А Бык, понятно, даром времени не терял. Ведь нам отсюда все видно. Он
успел даже за этот день подтянуть подкрепления.
Но мы, разумеется, в любом случае победим, это предрешено. И возможно,
оно и к лучшему, что он приумножил свое войско: будет кому рубить головы.
Чем больше врагов, тем убедительней победа. Он мог бы, кажется, сообразить,
что все равно будет разбит, и чем меньше у него солдат, тем для него же
лучше. Но он гордец и действительно упрям как бык.

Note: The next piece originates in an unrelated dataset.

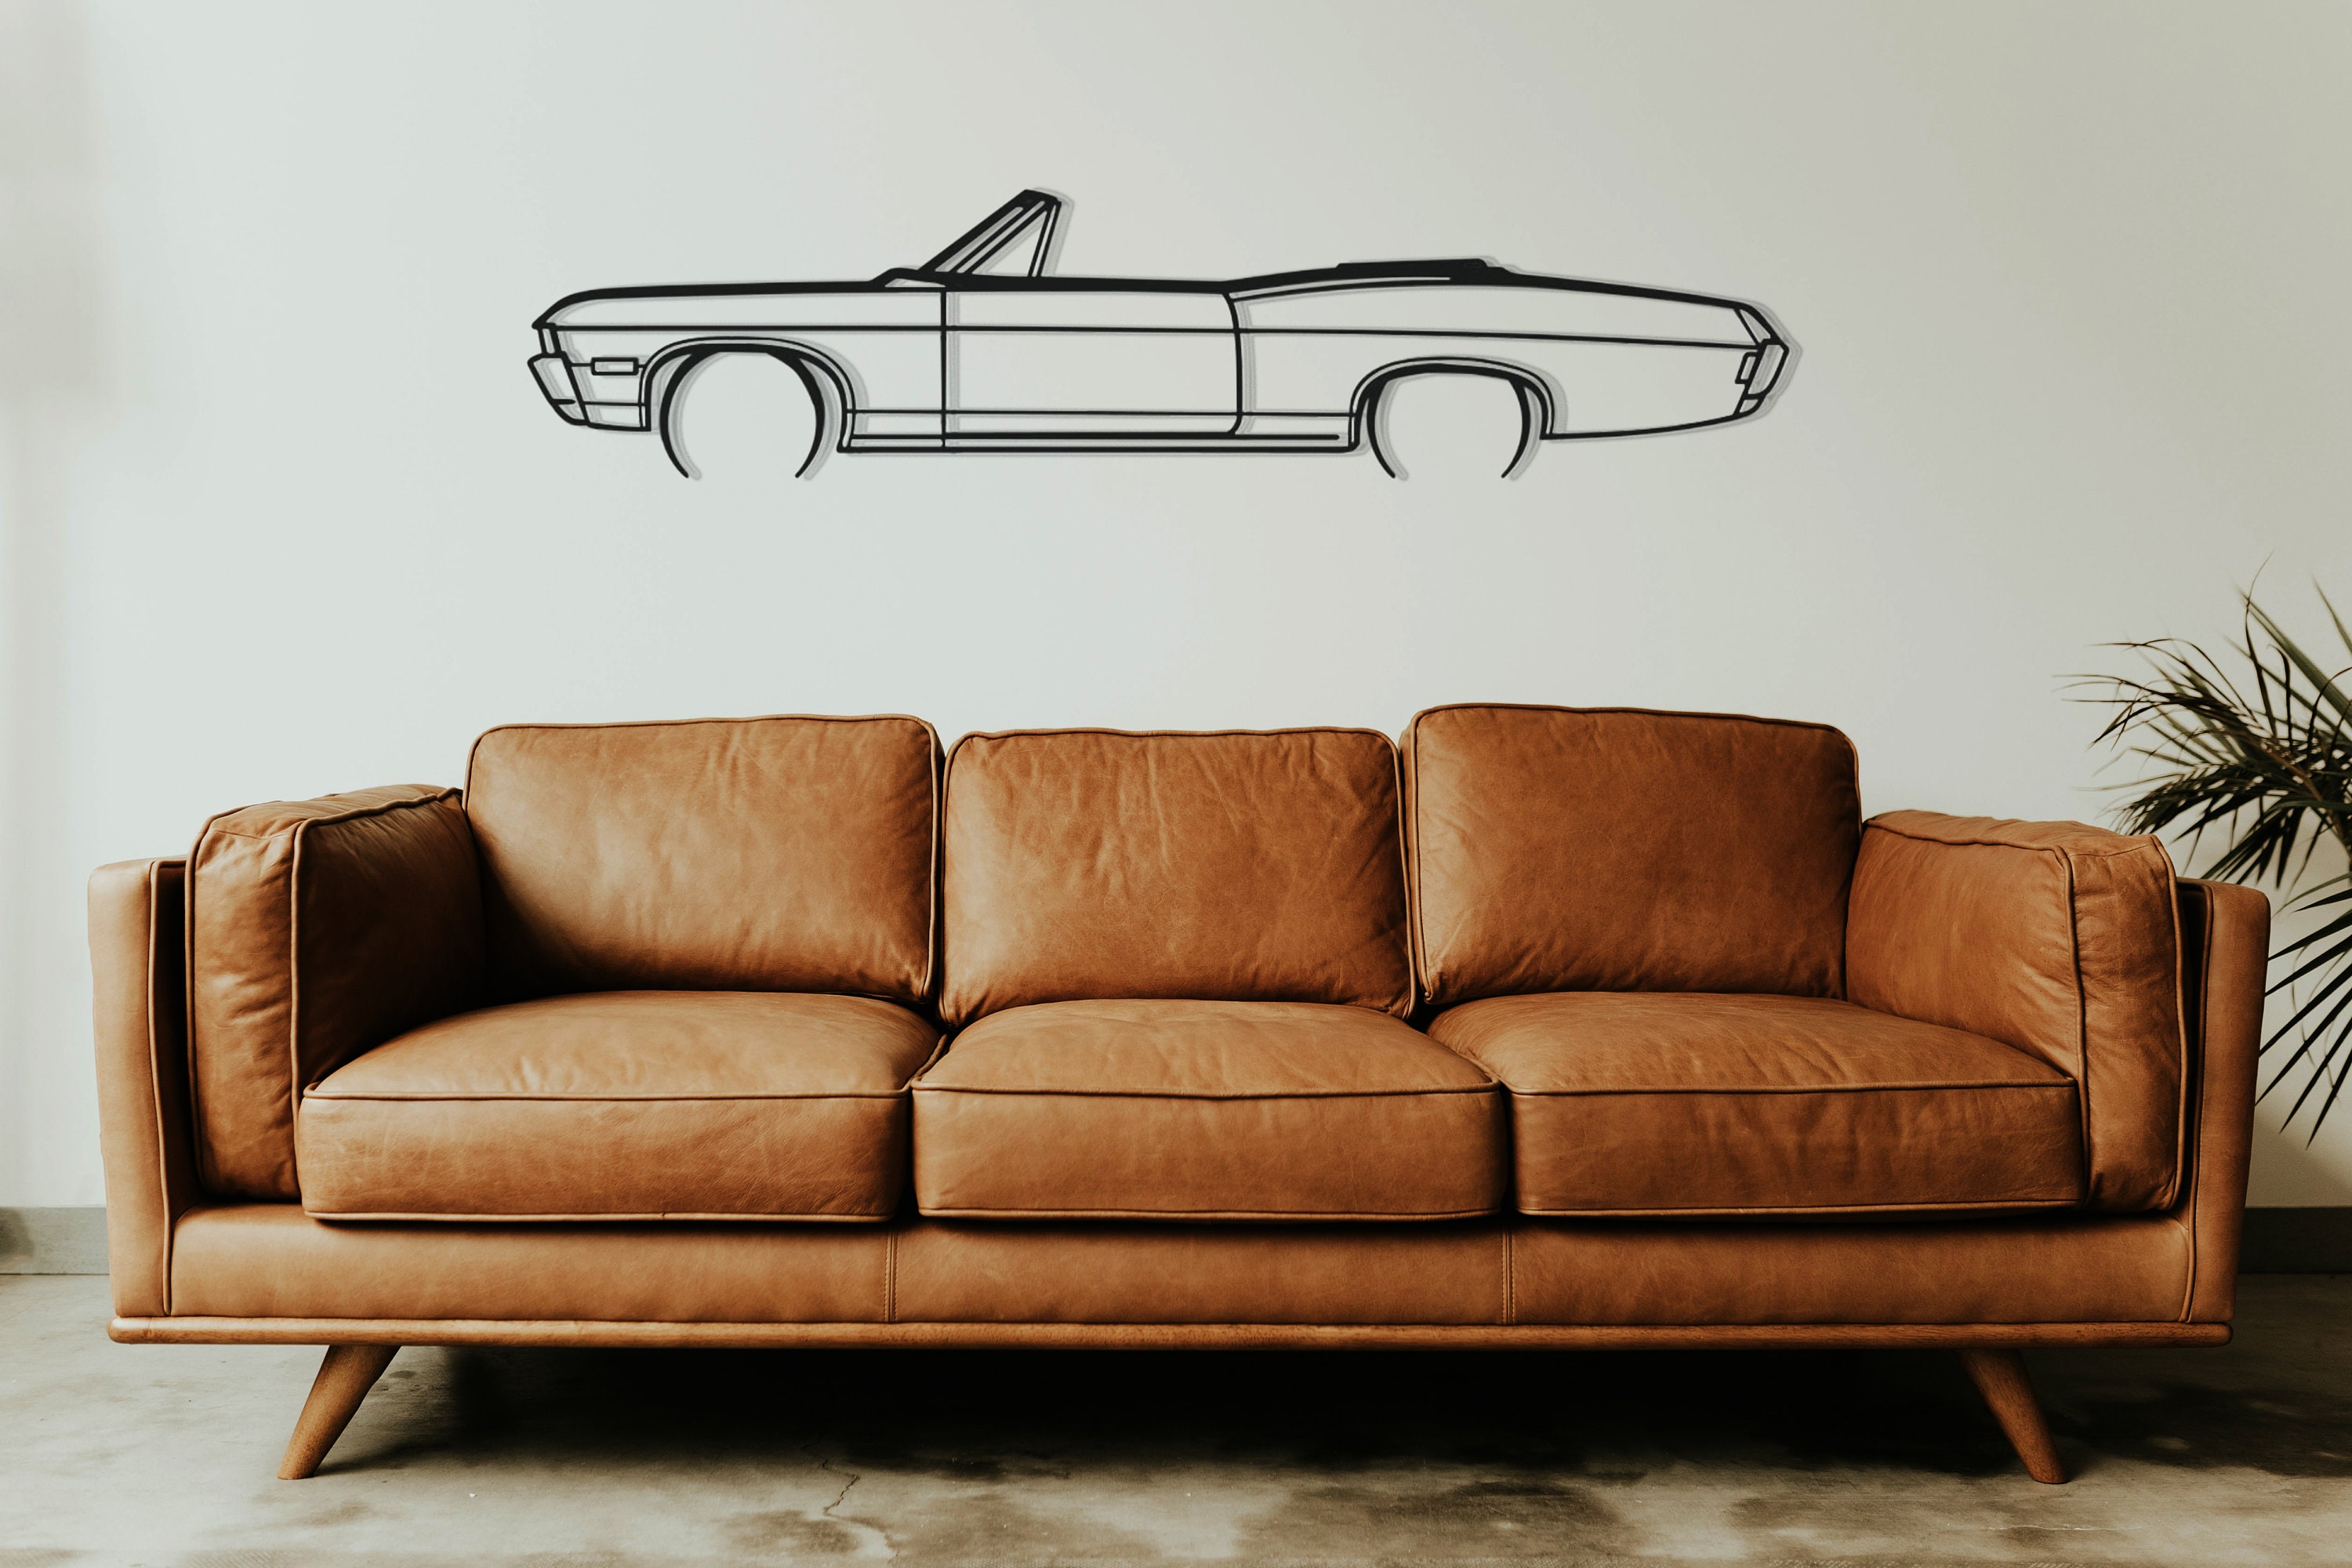 Impala 307 classic for sale

Было бы, однако, большой ошибкой полагать, что он вовсе не опасен. Он
хитер, дерзок, изворотлив и поистине незаурядный военачальник. Он был бы
грозным противником, если б эта война не обрушилась на него столь
неожиданно. С каждым днем все яснее понимаешь, насколько важно было напасть
так вот неожиданно; мы, наверно, не раз еще об этом вспомним за время
похода.
Мне во всех подробностях известен план завтрашнего сражения. Наше, то
есть герцогское, войско ударит в центр, войско Боккароссы -- по левому
флангу. Мы пойдем, таким образом, в наступление не по одному, а сразу по
двум направлениям. Это вполне естественно, поскольку в нашем распоряжении
два войска. Неприятель же, у которого только одно, вынужден будет драться
тоже сразу на двух направлениях. Ясно, что это создаст для него очень
большие трудности, а нам обеспечит большие преимущества. В исходе
сомневаться не приходится. Хотя и мы, конечно, должны быть готовы к
известным потерям. И вообще сражение, мне думается, будет кровавым. Без
жертв, однако, ничего не достигнешь. Да и сражение это чрезвычайно важное,
от его исхода зависит, надо полагать, исход всей войны. Дело стоит того,
чтобы принести какие-то жертвы.
Меня все больше начинают занимать секреты военного искусства, до сих
пор от меня сокрытые. А разнообразие и напряженность походной жизни мне
очень даже по вкусу. Чудесная жизнь! Какое же это освобождение для тела и
для души -- участвовать в войне! Становишься как бы другим человеком.
Никогда еще я не чувствовал себя так хорошо. Мне так легко дышится. И так
легко стало двигаться. Тело словно невесомое.
Никогда в жизни я не был так счастлив. Да что там говорить! Разве я
знал прежде, что такое счастье!
Итак, завтра! Завтра!
Я, как ребенок, радуюсь этой битве.
Я страшно тороплюсь. Буду краток.
Победа завоевана, и победа блистательная! Враг отступает в полнейшем
беспорядке, тщетно пытаясь собрать расстроенные части. Мы преследуем их по
пятам! Путь к доселе неприступному городу Монтанца открыт!
Как только будет время, я подробно опишу эту замечательную битву.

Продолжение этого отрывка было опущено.